Regional Rail (RUR) & North-South Rail Link (NSRL)

I think it's a good question. It's the only way you can find out if anyone knows whether or not your suggestion makes sense.

The São Paulo Railway Company runs freight trains that switch between adhesion and rack railway. I watched a video of the changeover and the train doesn’t even need to stop even though it has to travel slowly for that stretch. One of the companies involved says that, “One locomotive can pull up to 425 tonnes, and two in series can manage twice that amount. They reach an uphill speed of up to 30 km/h.” It would appear then that changeovers and top speeds wouldn’t be much of a problem. There are a lot of other hybrid systems but they are all subway or light rail which are much lighter than a commuter rail train.
 
I think the reasonable transit pitch for increasing grades to save money is the Alon Levy proposal to make the tunnel only for EMUs.

I will check out his stuff again. Another option is to use the central artery for another Red Line tunnel, etc. Of course you lose some of the benefits with any of these cost cutting measures.
 
I have no idea whether such an idea is workable at all from an engineering standpoint. (Though I'm curious if there are any hybrid rack and normal railways.) It's absolutely infeasible from a political-financial standpoint. There's no way the NSRL gets built without substantial federal assistance, and there's no way that the feds are going to fund a tunnel that Amtrak can't use, and they're not going to agree to force Amtrak to buy specific compatible equipment, and MA has no means to force them to.

São Paulo Railway Company. See my reply from a few minutes ago.
 
I will check out his stuff again. Another option is to use the central artery for another Red Line tunnel, etc. Of course you lose some of the benefits with any of these cost cutting measures.

You lose a lot of the benefits if you sacrifice the Artery to the Red Line in any form. There are basically only two non-insane route options for tunneling through Boston between North Station and South Station; under the Central Artery/O'Neill Tunnel, and under Congress Street. The Congress Street alignment can only support two railroad tracks (I doubt that there'd be room there for more than two tracks on the HRT mode, but you wouldn't be looking to build more than two anyway). The Artery can fit four railroad tracks. In all probability you've got room for six tracks and no more, and the choice is what they are and where. Splitting the NSRL between Congress and the Artery, as one of the state's proposals did recently in an unusually-blatant attempt to inflate the cost estimates to hell to kill momentum for a project Baker & Co do not want to do, is not sensible. It'd be an ugly kludge with wonky transfers even if it doesn't require (and it might) doubling up some of the CR portals (hello cost blowout). Red, meanwhile, only needs two tracks, and is thus a much more natural fit for a Congress Street alignment to points north while the NSRL gets its full-function four-track build under the highway tunnel. (Sharing the Artery space between modes saves the cost of the Congress alignment at the expense of shafting the NSRL's throughput capacity.) Screwing over a region-transforming project in the NSRL for the much more local concern of the Red Line, especially when Congress is a better option for the RL anyway, does not to me seem like a good idea.
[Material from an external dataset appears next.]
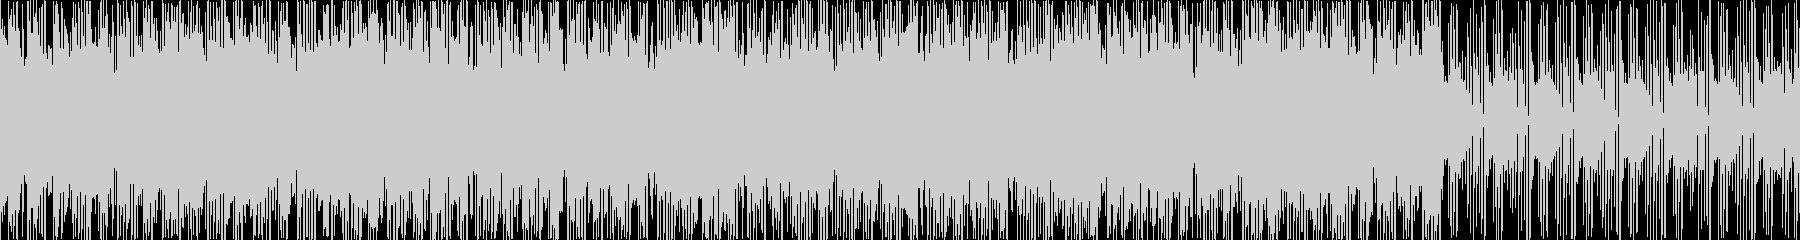 お洒落・ポジティブ・シンプルなBGM、Sの未再生の波形

São Paulo Railway Company. See my reply from a few minutes ago.

Thanks for the information. It is apparently indeed possible to operate a hybrid system. Whether the operational drawbacks of a rack system would unduly hamper throughput (thus compromising the NSRL's value proposition) would need to be studied if such a system were in active consideration. Which it won't be, because there's about a snowball's chance in Hell that the feds fund something born that kludgy. Love 'em or hate 'em, the FRA is not exactly known for proactive regulation (to the point of just disturbingly recently relaxing some of the asinine crashworthiness regulations that made US rail equipment so damn heavy, despite Europe and Japan having long since engineered much better alternatives in crash energy management), meaning you'd have to find some way to get approval for a never-US-tested hybrid rack-adhesion locomotive with sufficient power to handle anything Amtrak (or the MBTA) cared to throw at it as well as some kind of system to ensure that the trains didn't runaway down those steep, steep grades. If it requires equipment on the cars, bzzt, game over, no sale, Amtrak will not accept a tunnel their NEC fleet can't use, and the feds will accordingly decline to fund it, meaning no tunnel.
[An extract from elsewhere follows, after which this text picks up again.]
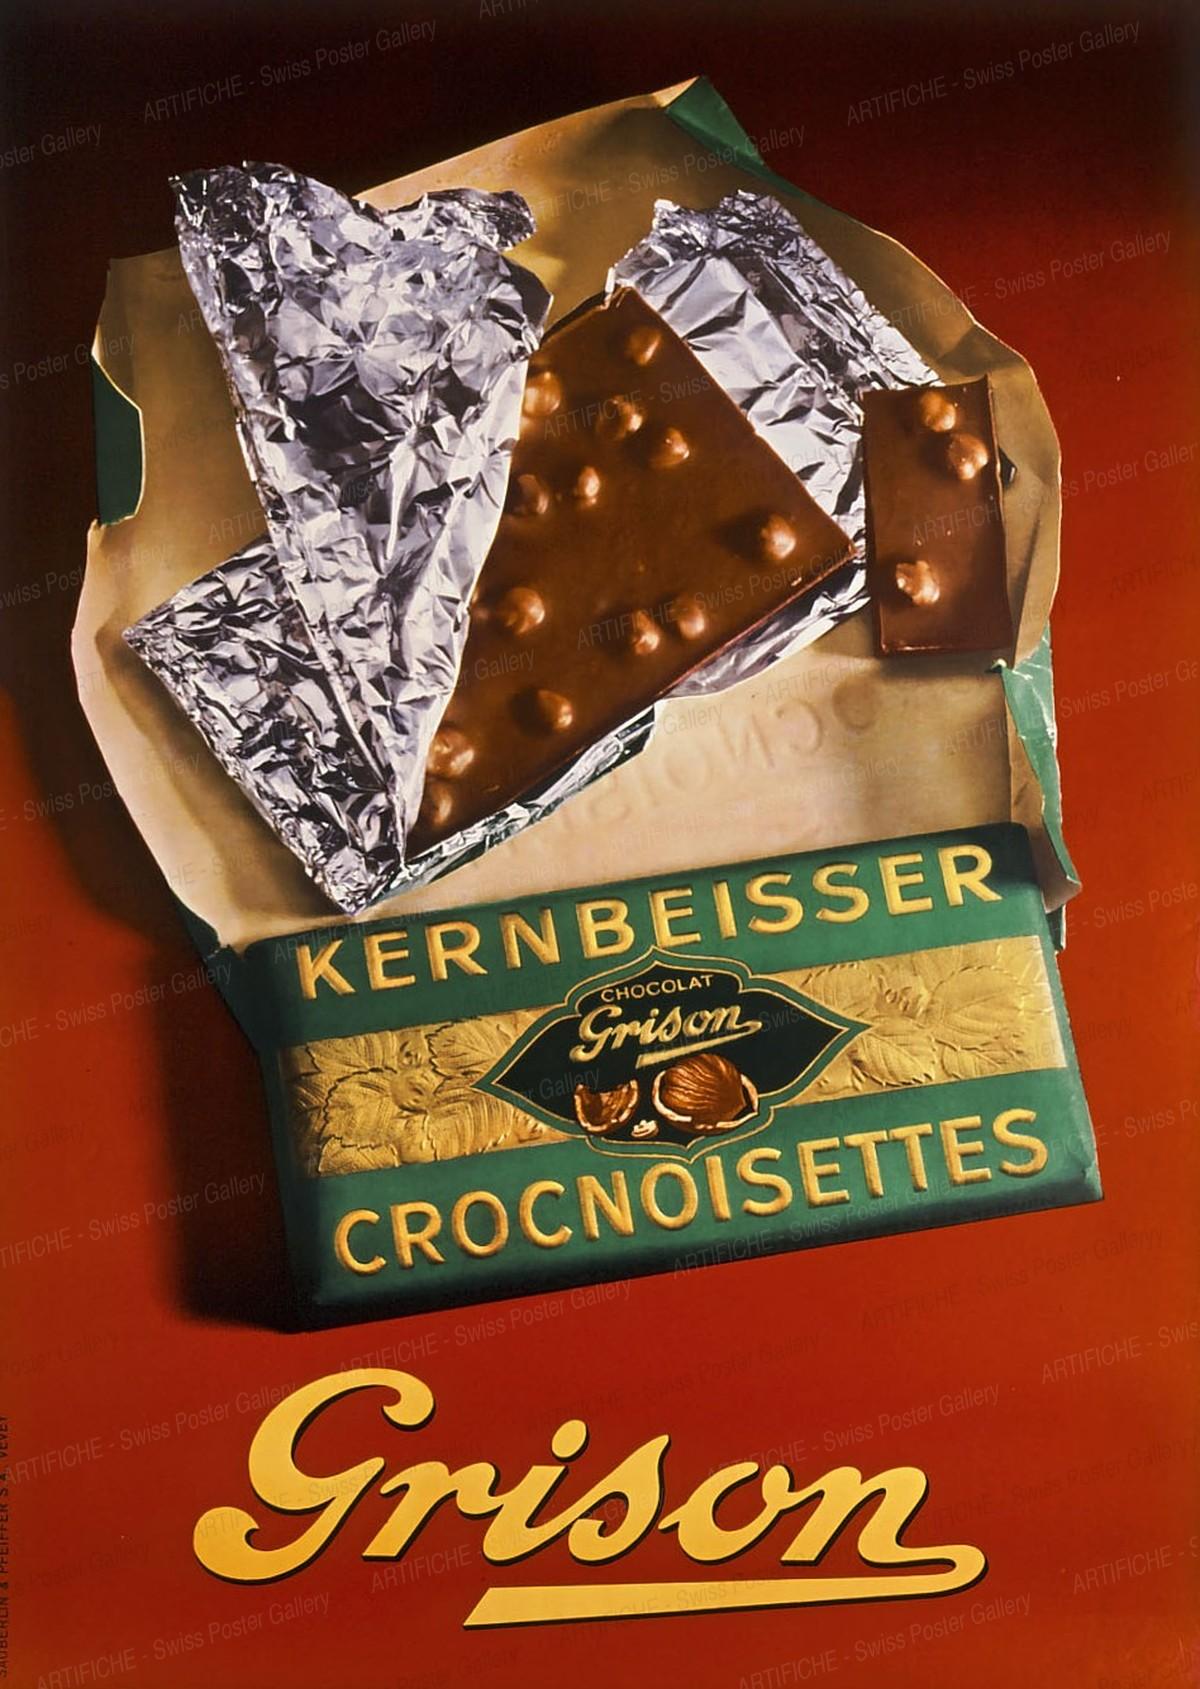 Grison Kernbeisser Crocnoisettes Chocolate, Artist unknown

I know I sound like a broken record dumping buckets of disappointment on proposals here, but this isn't Crazy Transit Pitches. The NSRL, if and when it is built, will have to be part of the national railroad network, and it will have to have federal funding involved to get it built at all. That means that Amtrak, the FRA, and the entire alphabet soup of Washington get to have a huge say in its design and construction whether we like it or not. And thus far I've seen nothing at all to answer the question of why these parties would voluntarily accept significant design innovations and the ensuing risks, along with permanent operational restrictions, to save on some tunneling. Washington, sadly, tends to lack the imagination even to consider it, though I don't think it makes sense for this project at all.
 
What kinds of all day frequencies can north and south station support with their current setup, could we get a train every 15 minutes like transit matters says?
 
What kinds of all day frequencies can north and south station support with their current setup, could we get a train every 15 minutes like transit matters says?
The key is to dedicate platforms to minimize switching.
 
There's a number of mountain railways in Europe that have racks for the steep parts and conventional adhesion for the rest. 30 km/h is pretty darned slow, however. Given the need to redesign and replace every locomotive, EMU etc. that uses the NSRL (and they would almost certainly have to be fully custom jobs), I rather strongly doubt the cost savings would be that much. More generally, sacrificing operational performance and flexibility for short-term cost savings is almost never a good idea.
 
30% design presentation for Newton CR stations:


Recall that MBTA wanted to do single platforms and some wacky crossover thing before Ari Ofsevit called attention to it. Local pols then forced Secretary Pollack to start over with 2 platforms.
Holy Headhouses, Batman, that's a lotta building. Remind me: the reason these aren't center-platforms? (I thought one of the reasons a single side platform was bad was that it didn't do a good job at accommodating future express-and-local mixing?)
 
Holy Headhouses, Batman, that's a lotta building. Remind me: the reason these aren't center-platforms? (I thought one of the reasons a single side platform was bad was that it didn't do a good job at accommodating future express-and-local mixing?)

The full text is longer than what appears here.